Sorting and top-k#


Data

You can download the dataset used in this reading here:

New Data#

For this slide, let’s change the data up a bit to give you a sense of how generic this work in pandas can be. We have been using examples with earthquake data that came from a CSV format, but many datasets provide CSV formats of their data.

In this slide, we will use an example from fMRI (e.g., brain scans) data to show activation in various regions of the brain. Don’t worry, you don’t need to actually understand how brains work to follow along with this example, but we did want to show how all of these examples are just stand-ins for basically anything you want to compute (assuming it’s in a CSV). Note that this dataset has a special value called NaN in it that we will talk more about in the next module!

import pandas as pd

df = pd.read_csv('fmri.csv')
print(df)

Sorting#

Another very common operation in pandas needs you to sort the data. This could either be for presentation reasons or you might be interested in finding the “top 10” rows based on some criteria. pandas makes sorting really easy!

import pandas as pd

df = pd.read_csv('fmri.csv')

print(df.sort_values('signal'))

Notice that this prints out all the data where the rows sorted by 'signal' . Notice that the index of each row stays the same meaning the index is no longer in sorted-order!

Warning

Like in the last slide df.sort_values('signal') does not actually sort df ! It returns a new DataFrame where all the rows are sorted by 'signal' .

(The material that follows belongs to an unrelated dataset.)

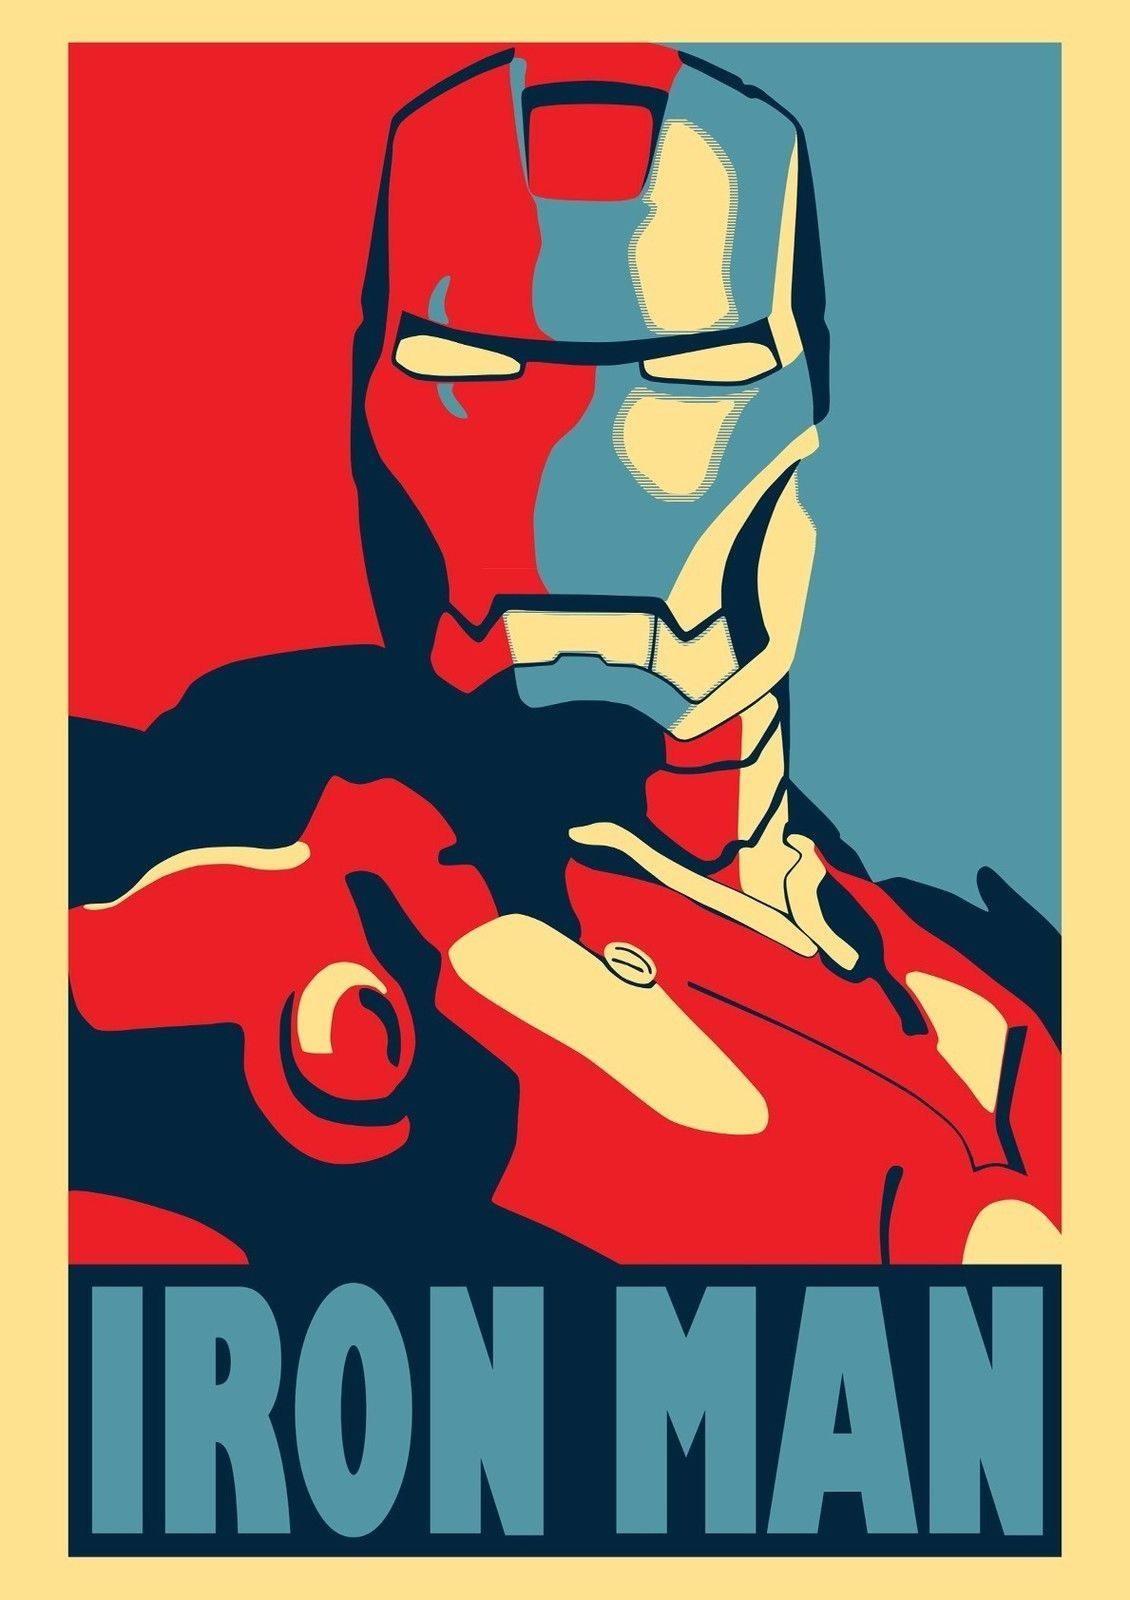 64657 Iron Man Wall Poster Print Affiche
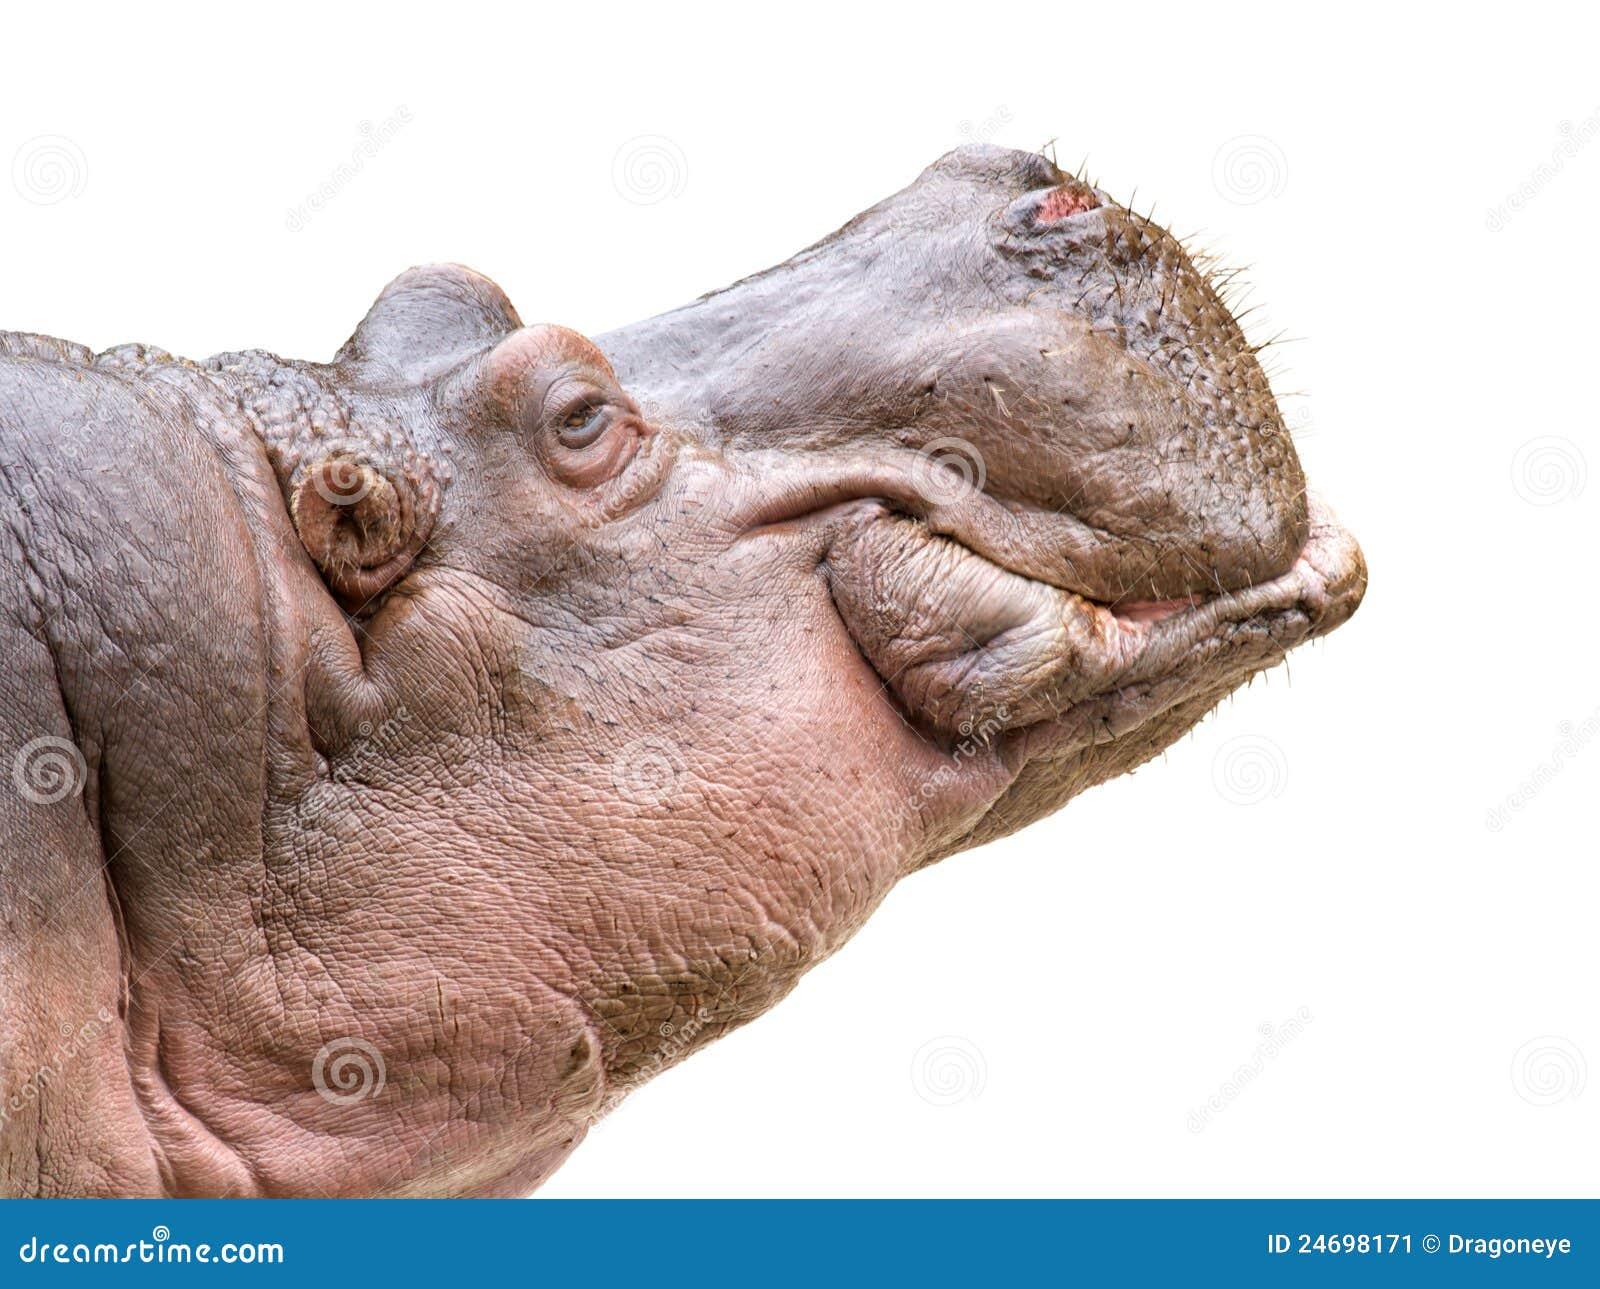 Hippo Head On White Stock Image - Image: 24698171

If you want to keep the sorting, you need to save the result in a variable (i.e. `df = df.sort_values('signal')` )

Top-k#

Instead of actually sorting the data, you might want to find the 10 highest signals in the data. pandas also provides a way to do this with the nlargest function.

import pandas as pd

df = pd.read_csv('fmri.csv')

# Returns a new DataFrame with the 10 rows with the largest `signal`.
print(df.nlargest(10, 'signal'))